Ik stuurde Irtek naar beneden met Crhel en Aidan om de dorpelingen te ontzetten, terwijl ik samen met Bertus de leiders chargeerde. Dit plan werkte! De barbaren hadden geen tegenstand verwacht en vluchtten al snel onder de gecombineerde kracht van het drietal. Blij toe, want ik hoorde van Irtek dat ze goed konden vechten.
De leiders waren niet zo snel ontmoedigd, zelfs niet door een Bertus die zijn zeis weer met enorme kracht (bull's strength, door Faria geschonken) door hun gelederen sloeg. Ik chargeerde één van de leiders met mijn lans, maar ik kreeg wel een kruisboog-pijl in mijn rechterarm. Twee van de 'adjudanten' ontkwamen in het krijgsgewoel, en de twee andere adjudanten versloegen Bertus en ik. Nou ja, vooral Bertus. En de sonic burst die Faria mij schonk. De 'grote' leider (afgaand op zijn kleren) probeerde er ook vandoor te gaan. We achterhaalden hem echter en ik, ik sloeg... ik sloeg hem op zijn achterhoofd. Dit is niet de manier waarop ik getraind ben... ik was helemaal van de kaart van de brute slachting van de dorpelingen, dat ik me helemaal liet gaan. Hiervoor zal ik voor vergiffenis moeten vragen vanavond bij mijn avondgebed.

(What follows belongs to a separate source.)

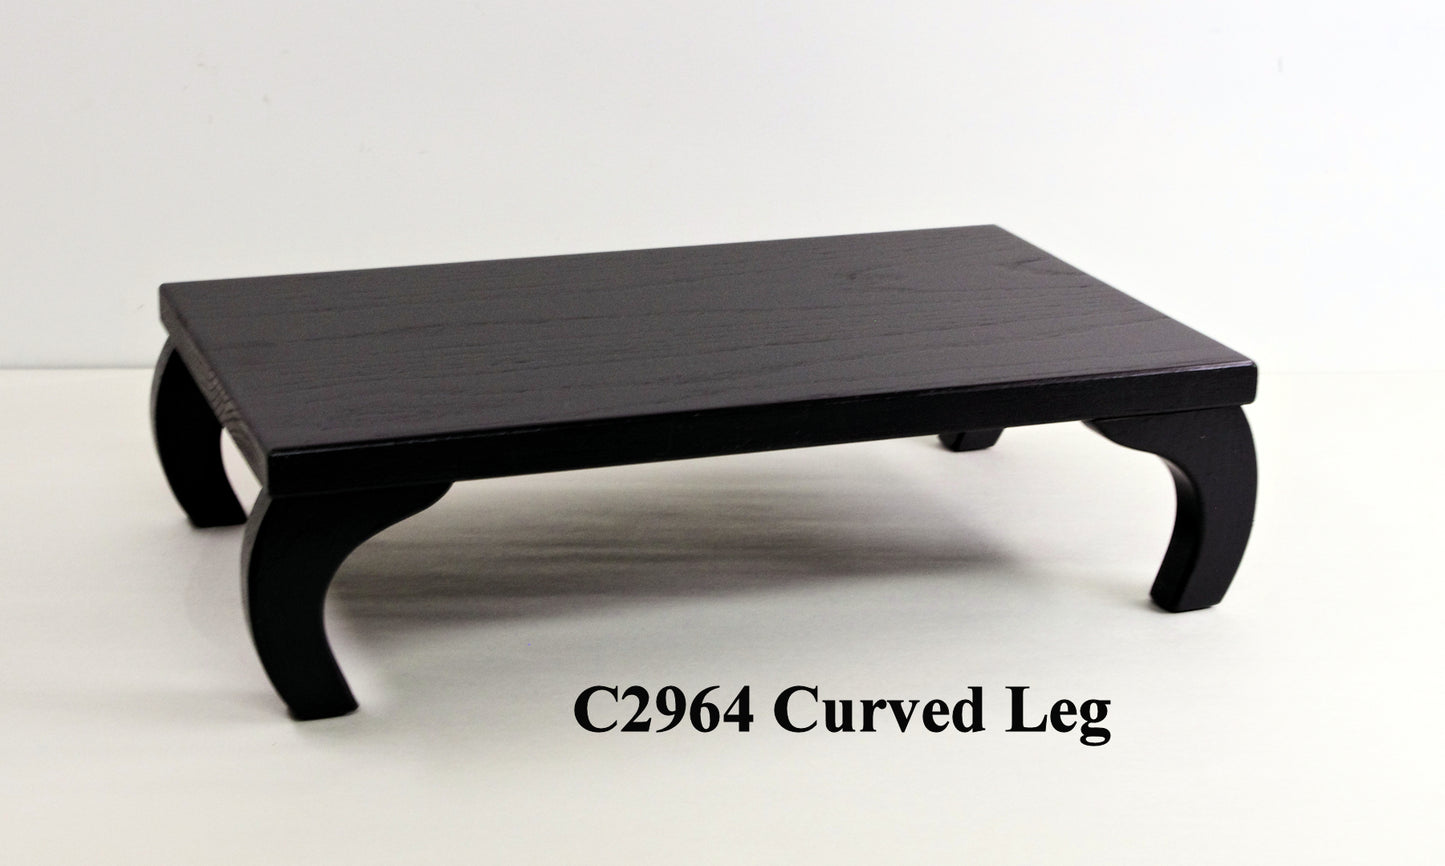 Bonsai Stand Curved Leg C2964 Made to Order 33" Length

Irtek had een gevangene gemaakt en overgedragen aan Crhel. Blijkbaar kon Irtek zich beter beheersen... De gevangen barbaar zullen we aan de lokale autoriteiten overdragen. Toen ik de lijken van de barbaren en de leiders (die overduidelijk geen barbaren waren) onderzocht op kenmerken vond ik niks die gevangene zal dus moeten gaan praten. Wel heb ik de insignes op de kleren van de leiders meegenomen, wellicht komt dit nog ooit van pas. Het weinige wat we aan wapens en klein geld hebben gevonden op de lichamen van de gevallen schurken hebben we overgedragen aan de burgemeester hier, ter opbouw van het dorpke. Trouwens, nu ik er weer aan denk: de wapens van de barbaren waren te goede kwaliteit voor hen. We hebben met zijn allen de gewonden zo goed mogelijk verzorgd. De bandieten zijn verbrand, en ik sprak een kort gebed uit.